De Geschillencommissie heeft onlangs opnieuw uitspraak gedaan in een tweetal klachten. Deze uitspraken laten zien dat bij een soortgelijke klacht, verschillende omstandigheden maken dat de Geschillencommissieverschillend oordeelt.
Kenmerkend voor een doorlopend krediet is dat de bank de variabele rente tussentijds mag wijzigen. Van belang is dat de bank die wijzigingsbevoegdheid niet gebruikt op een manier die naar maatstaven van redelijkheid en billijkheid onaanvaardbaar is. Daar staat tegenover dat een consument de vrijheid heeft om het krediet tot de kredietlimiet op te nemen. Ook kan de consument op ieder moment het krediet volledig aflossen of een doorlopend krediet oversluiten bij een andere bank.
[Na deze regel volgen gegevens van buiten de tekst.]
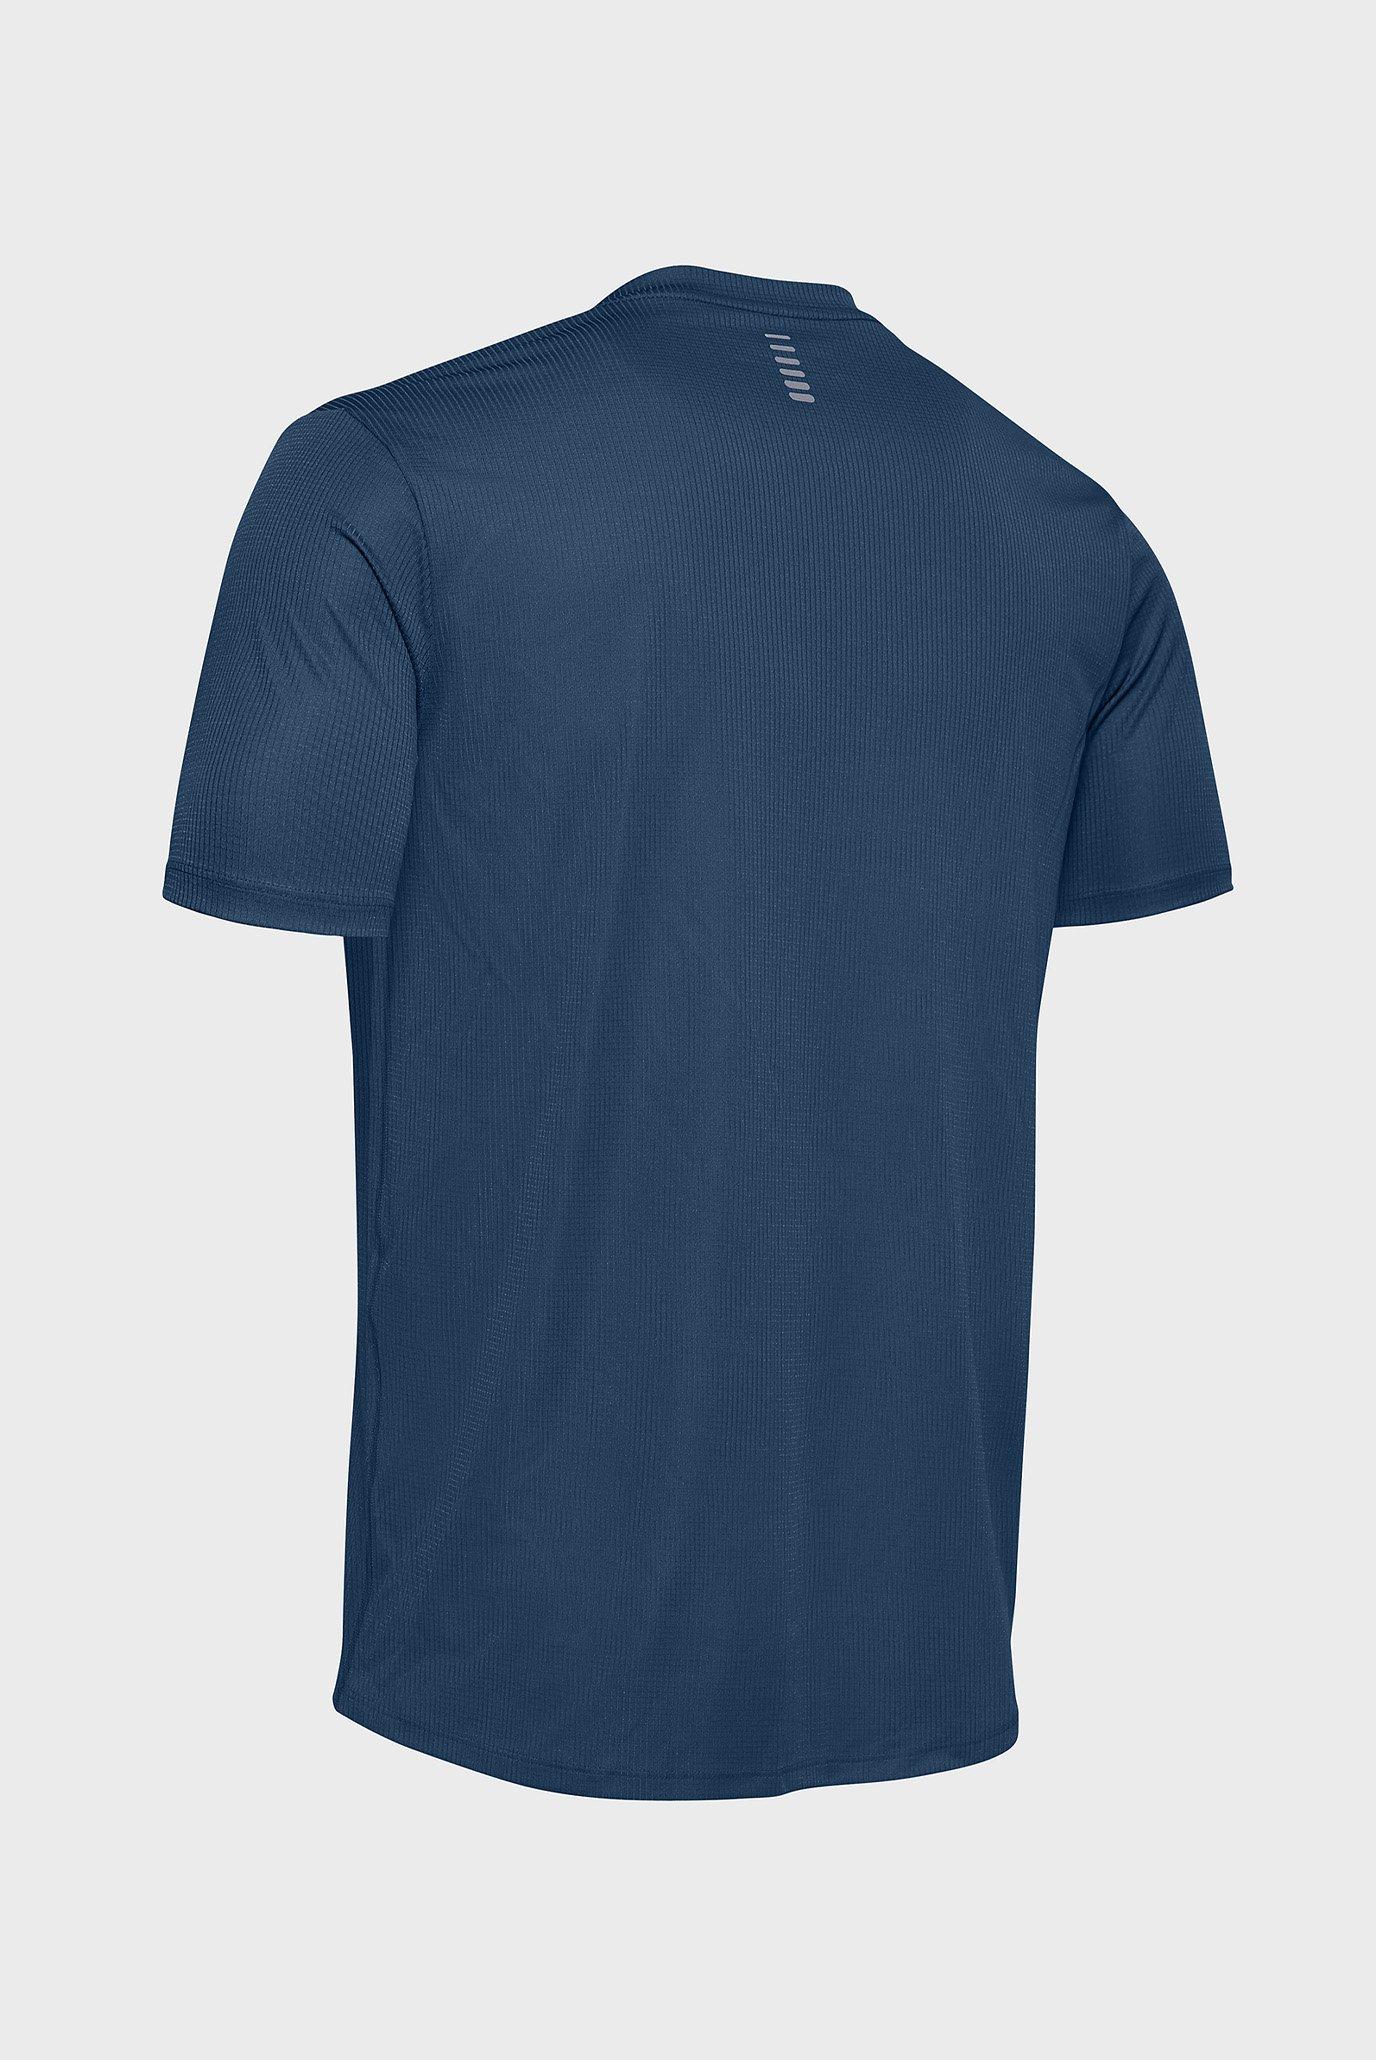 Мужская темно-синяя футболка UA RUN FORM GRAPHIC TEE Under Armour
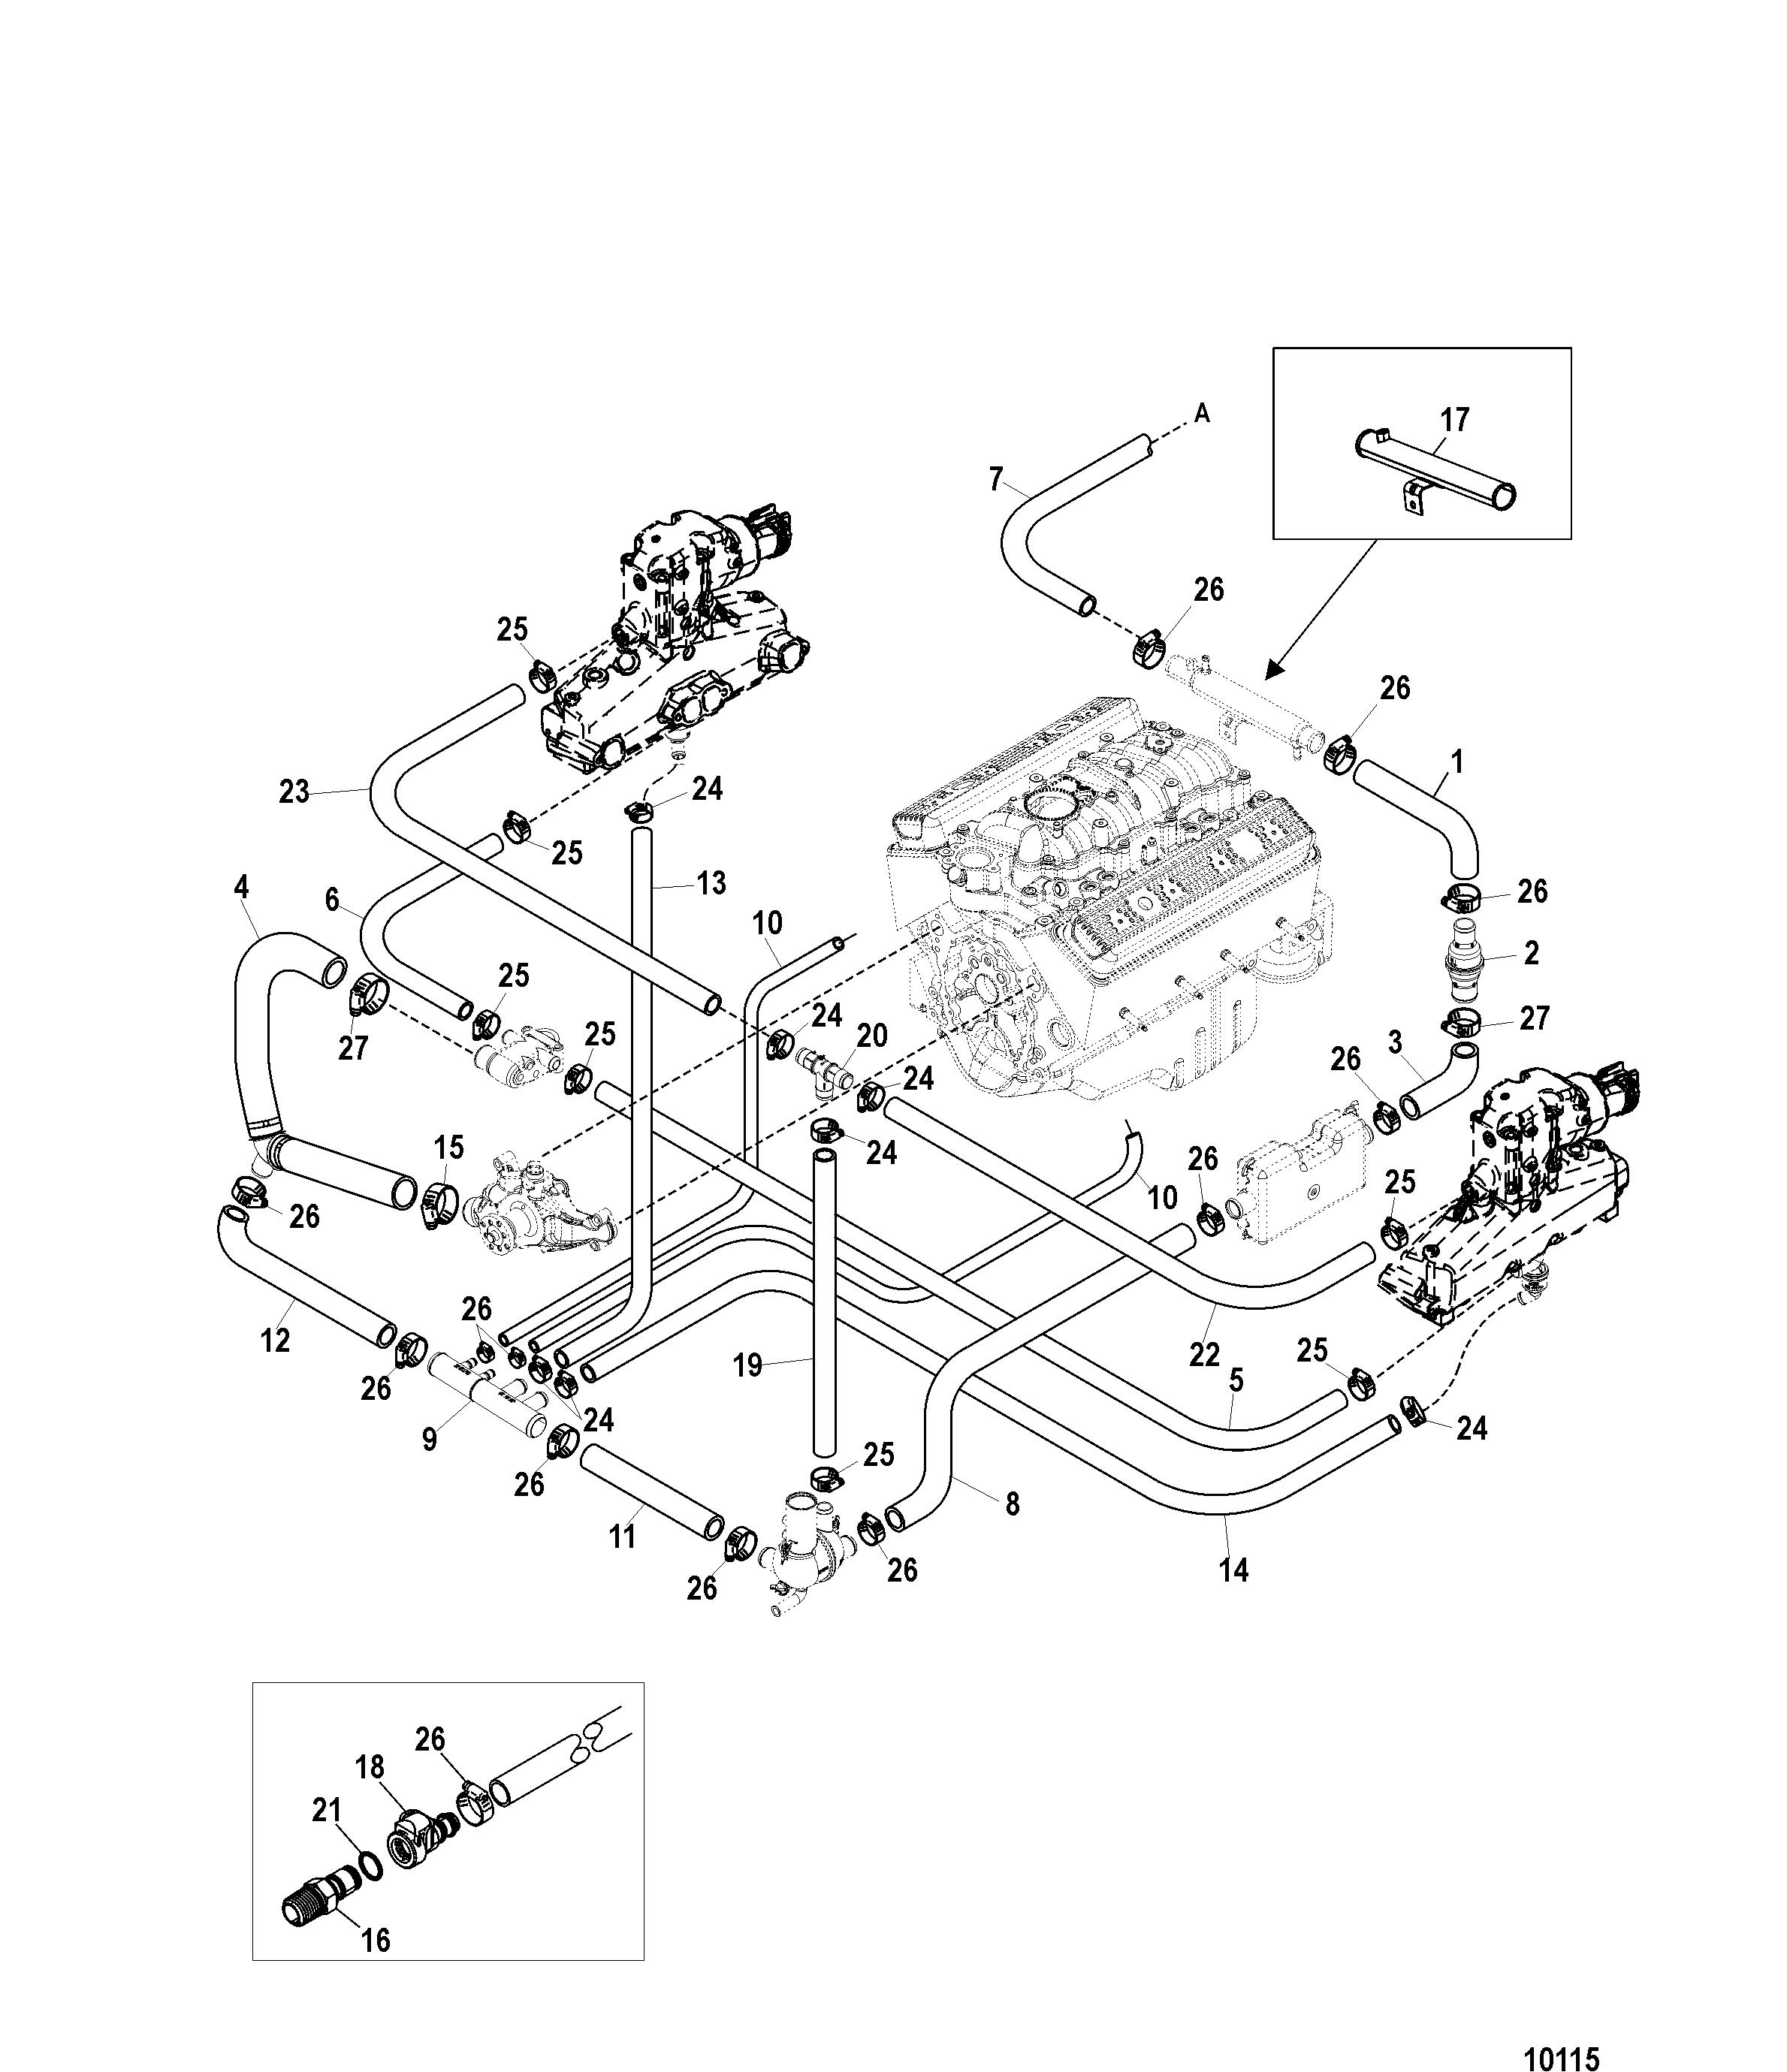 Mercruiser 3 0 Cooling System Diagram

Uit de uitspraken blijkt dat de Geschillencommissie kritisch kijkt naar de informatie die door de bank aan de consument is verstrekt over het rentetarief. Wanneer consumenten kunnen aantonen dat in de overeenkomst, voorwaarden of een uitgereikte prospectus is gesteld dat het rentetarief is gekoppeld aan een externe rentevoet, dan mochten zij erop vertrouwen dat het in rekening gebrachte rentetarief de marktrente zou volgen. Onder deze omstandigheden oordeelt de Geschillencommissie dat de bank bij de vaststelling van het rentetarief geen andere ontwikkelingen kan betrekken, zoals fundingkosten, kosten voor bedrijfsvoering of concurrentieoverwegingen. Voor zover de Geschillencommissie in klachtzaken concludeert dat het rentetarief onlosmakelijk is verbonden aan een externe rentevoet, luidt het eindoordeel dat de bank een herberekening moet maken en dat te veel betaalde rente aan de consument moet worden terugbetaald. Voor de externe rentevoet hanteert de Geschillencommissie het driemaands Euribor tarief. Dit is gebaseerd op het feit dat de rente die banken betalen op de geldmarkt bestaat uit een-, twee- en driemaands Euribor tarieven. Zie ook 2018-376
Wanneer in de voorwaarden, overeenkomst of een uitgereikte prospectus niet is gesteld dat het rentetarief is gekoppeld aan een externe rentevoet, dan oordeelt de Geschillencommissie dat de bank andere ontwikkelingen mee kan laten wegen in de vaststelling van het rentetarief. De bank kan dan bij de bepaling van het rentetarief rekening houden met risico, fundingkosten, kosten voor bedrijfsvoering en concurrentieoverwegingen. Een daling van de fundingkosten voor de bank betekent dan niet automatisch dat de bank deze fundingkosten direct moet verwerken in het rentetarief voor de consument. In zo’n situatie volgt de Geschillencommissie niet zonder meer de stelling dat er sprake is van te veel in rekening gebrachte rente door de bank omdat gedurende de looptijd van het krediet de fundingkosten van de bank daalden. Zie ook 2018-400.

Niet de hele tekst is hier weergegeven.